Justice  /  Origin Story

The Short, Fraught History of the ‘Thin Blue Line’ American Flag

The controversial version of the U.S. flag has been hailed as a sign of police solidarity and criticized as a symbol of white supremacy.

In the 1950s, “The Thin Blue Line” was the title of a briefly running television show about the Los Angeles Police Department, masterminded by the chief, William H. Parker, who took advantage of Hollywood’s proximity to make public relations a key part of his tenure. He also opened up the department’s files to the writers of “Dragnet.”

Parker was known for unambiguous racism. He said some immigrants were “not far removed from the wild tribes of Mexico” and compared black residents participating in the Watts Riots—which stemmed in part from anger over his own department’s mistreatment—to “monkeys in a zoo.”

Parker used the phrase ‘thin blue line’ constantly in his speeches. The phrase was further popularized by the novels of Joseph Wambaugh, and it typified Parker’s philosophy: having served in the military, he wanted to end corruption and professionalize the police force.

In his view, the police “protected Western civilization from communists, progressive politicians, minorities, anybody who agitated for something that didn’t fit his very narrow scheme,” said Alisa Kramer, who wrote a 2007 dissertation on Parker's tenure. "There are a lot of parallels between Parker and Trump; Parker had no understanding of the complexities of poverty and racism."

After Parker’s sudden death in 1966, the city named the police headquarters after him. The Parker Center went on to be a primary site of protests in 1992 after police were filmed beating Rodney King.

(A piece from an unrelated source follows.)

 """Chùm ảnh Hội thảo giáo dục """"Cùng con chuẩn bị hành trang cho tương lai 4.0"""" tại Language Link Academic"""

Parker’s tenure augured a bigger shift towards militarism in police departments, which came to buy military gear directly from the Department of Defense. Criminologists Don L. Kurtz and Alayna Colburn have analyzed the language police officers use in formal interviews, and argue that the “thin blue line” idea is an example of popular culture informing internal police culture, highlighting “the assumed differences between officers and citizens and further progresses an ‘us versus them’ mentality among officers.”

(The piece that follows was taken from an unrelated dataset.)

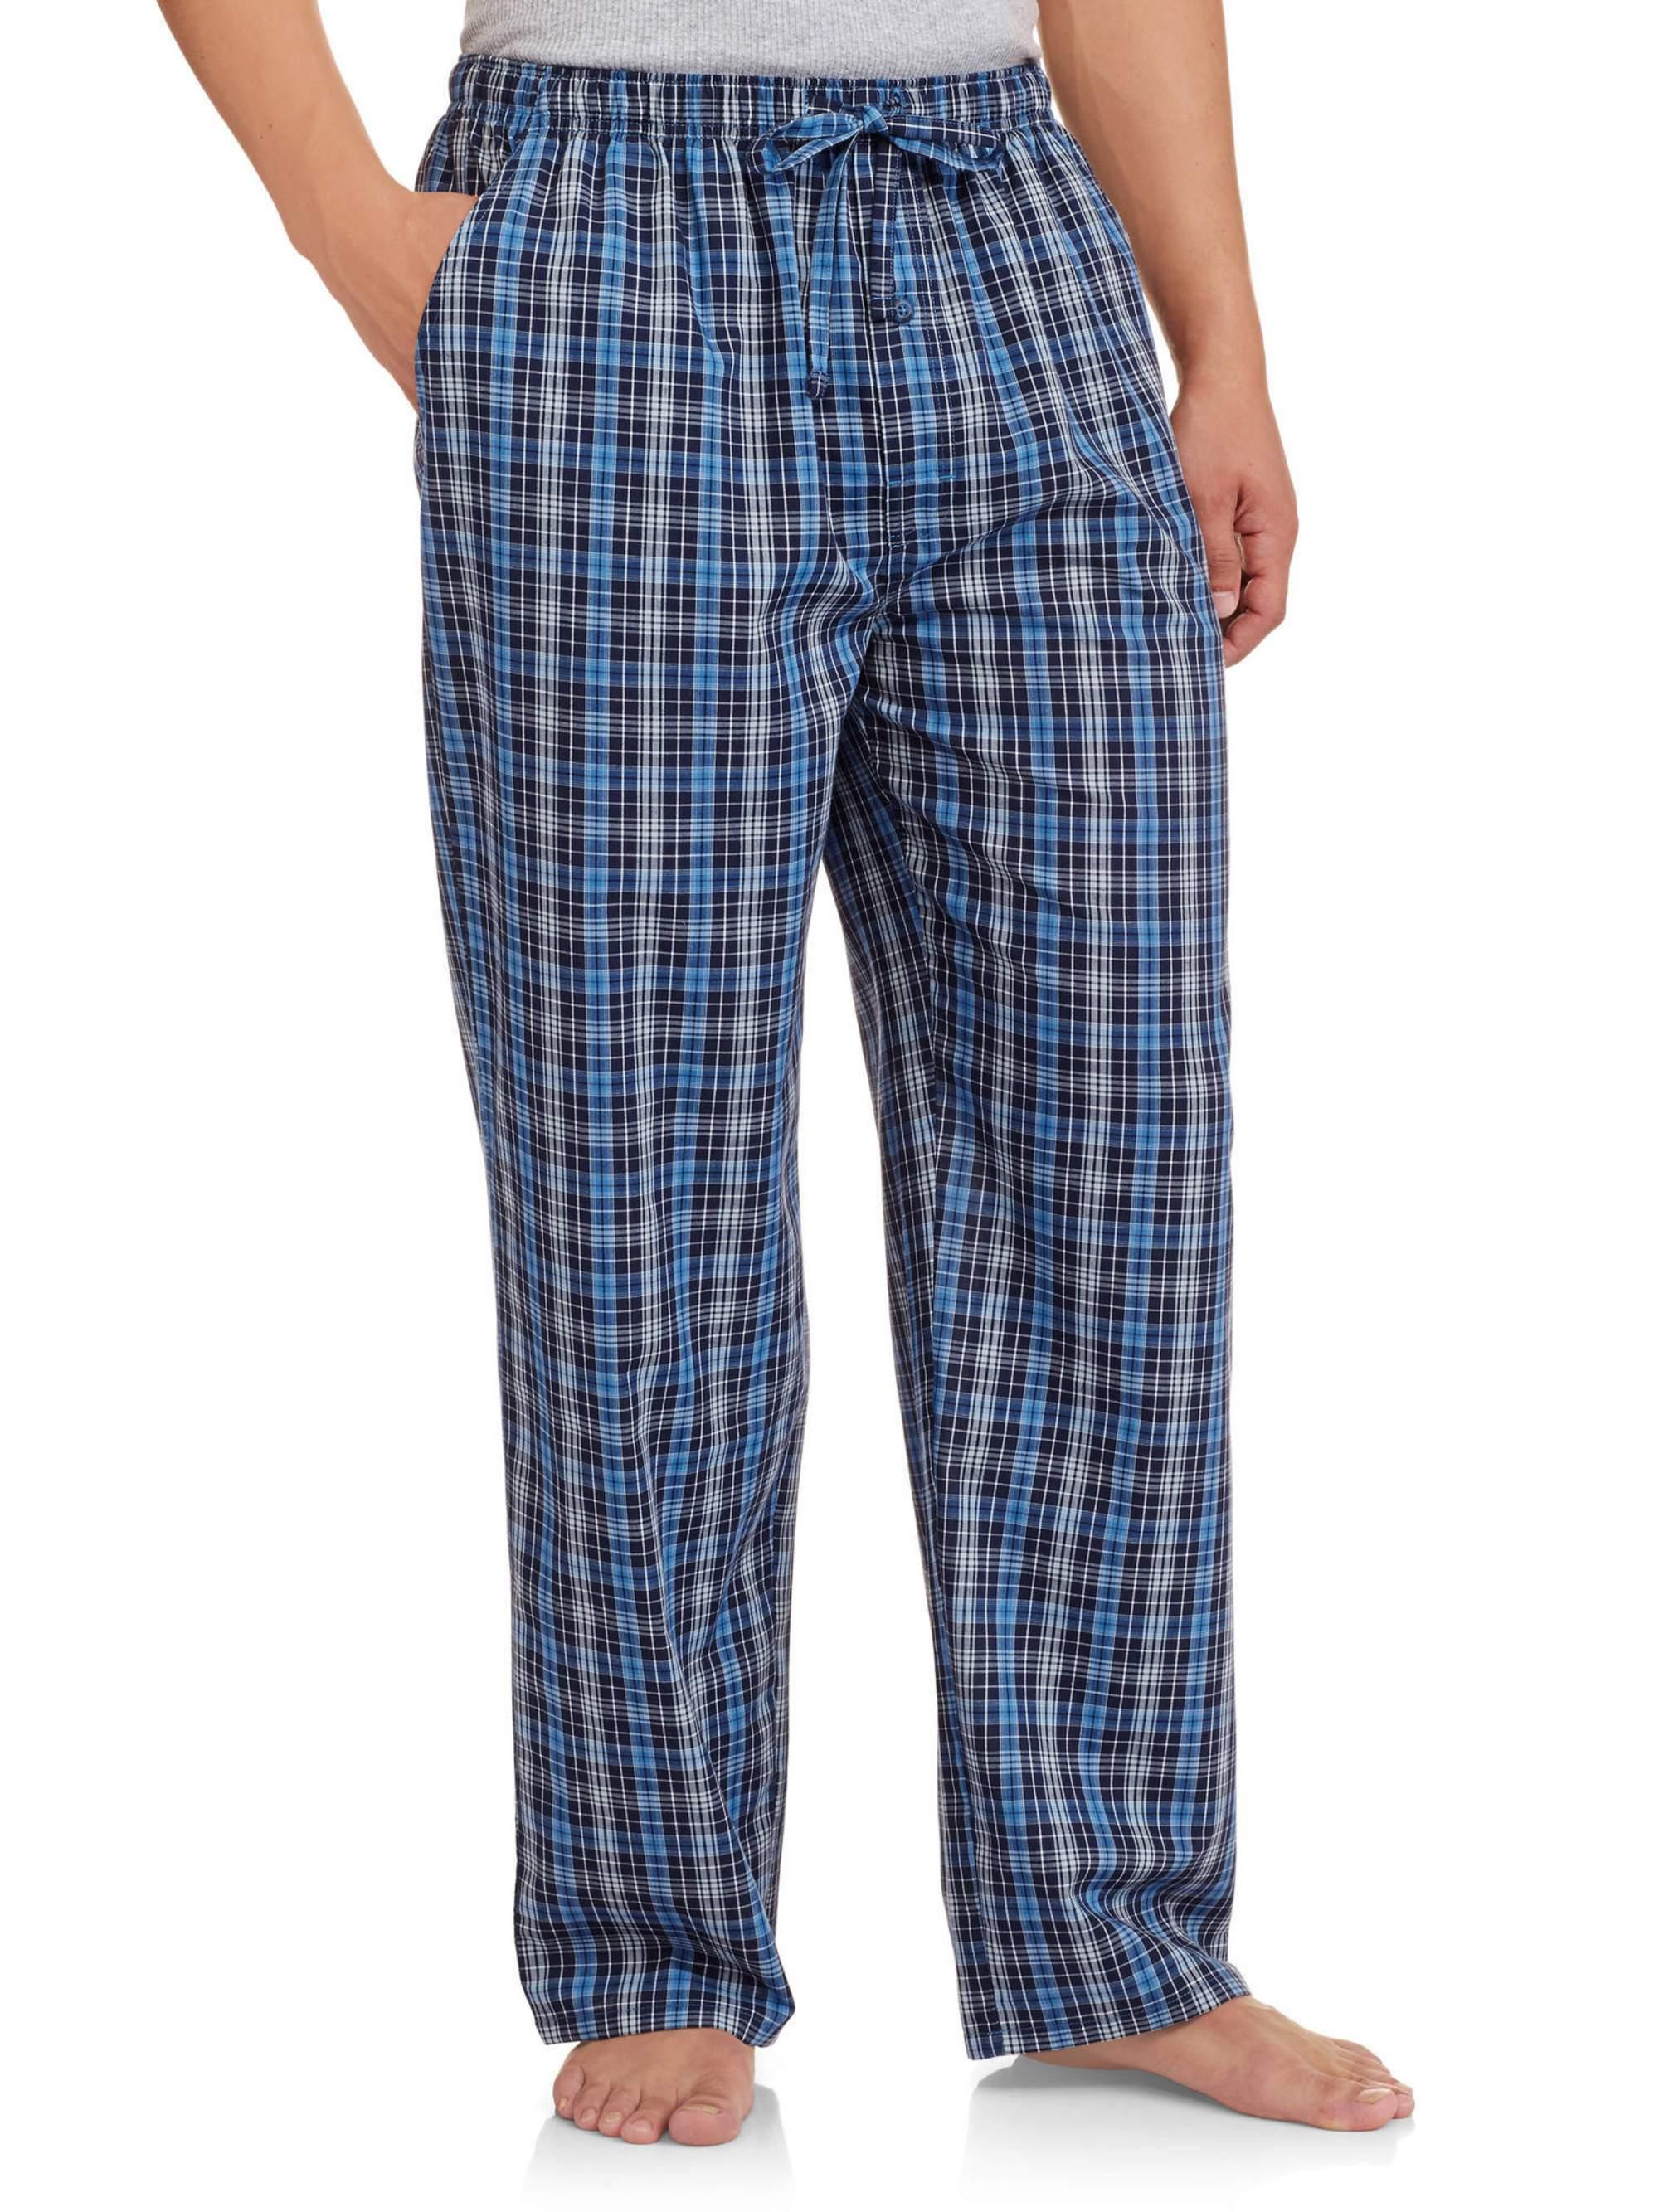 Big Men's Woven Sleep Pant

The phrase gained another boost with Errol Morris’s 1988 film “The Thin Blue Line,” in which a Dallas judge quotes a prosecutor describing what separates “the public from anarchy.” The title was ironic, if not sly, since the film depicted how law enforcement sent an innocent man to death row.

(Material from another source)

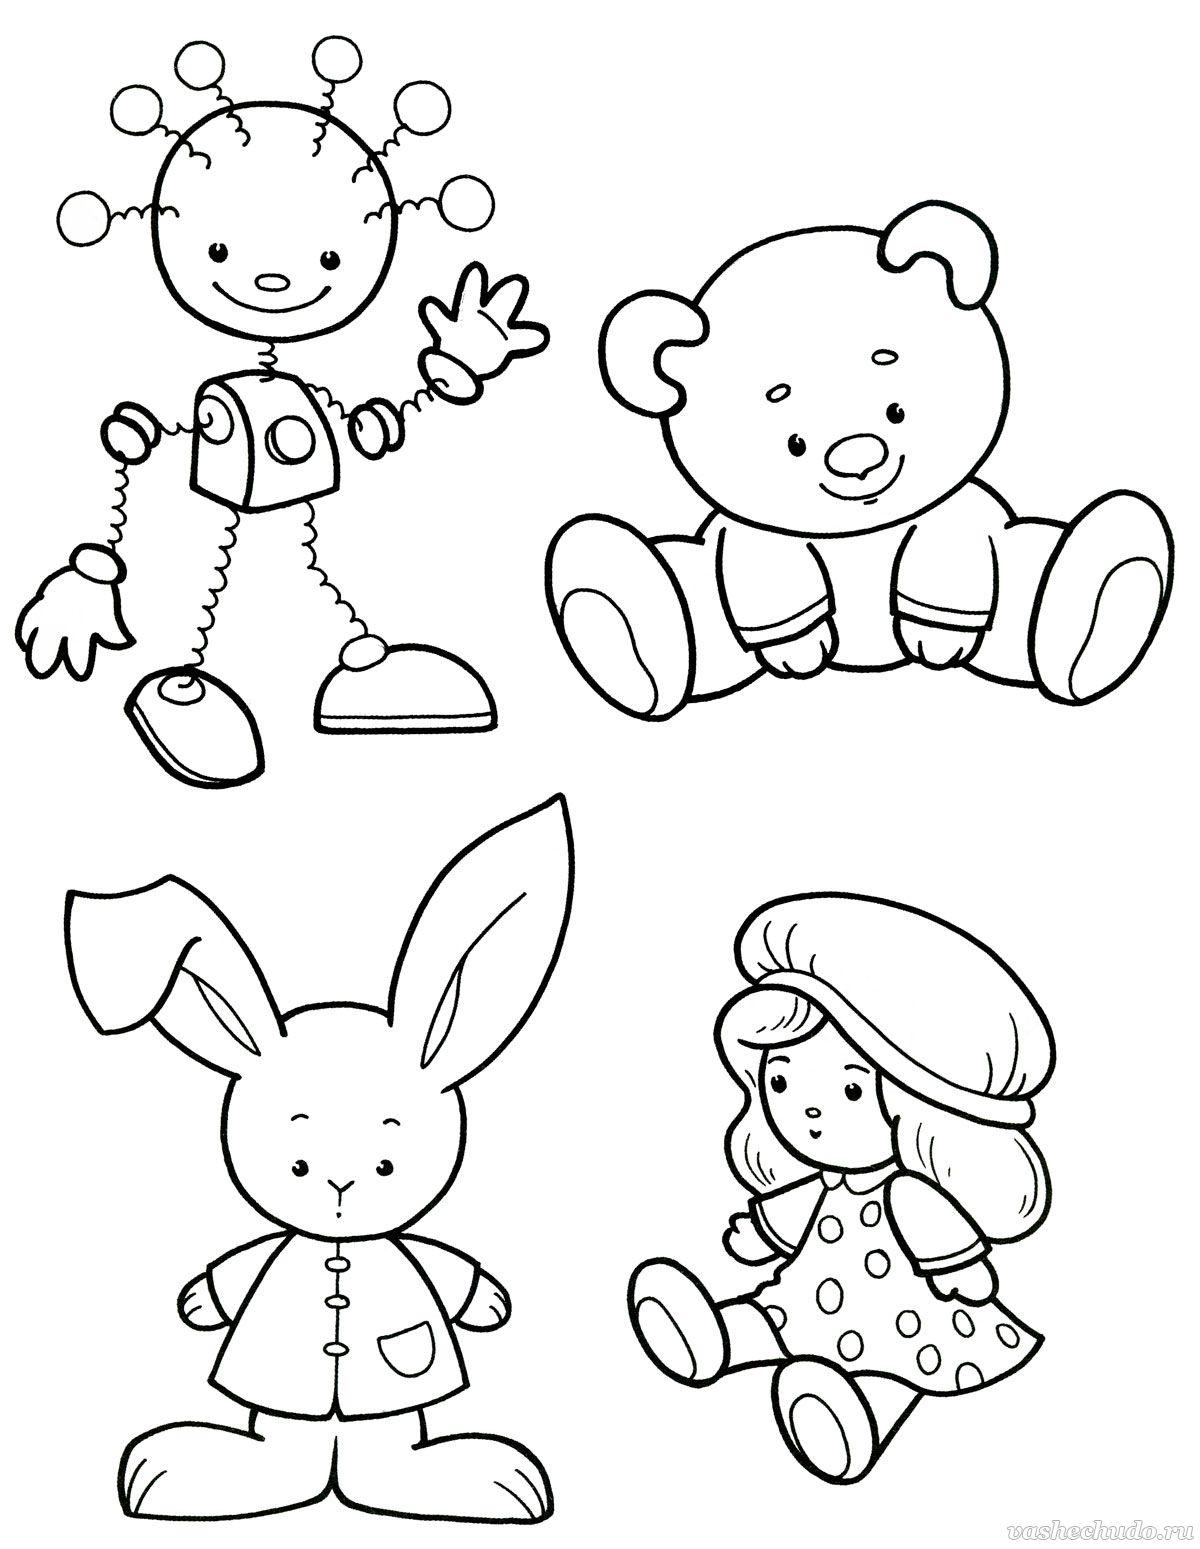 Раскраска для детей. Игрушки

Over the years, officers around the country occasionally placed stickers of a blue line surrounded by black on their cars. After the ambush of Dallas officers in 2016, the flag became a common sight in yards and on bumper stickers around the city, along with “Back the Blue” and “Thank a Cop” signs. Mourners wore blue neckties and hair ribbons at the funeral service, but the fallen officers’ caskets were draped with American flags.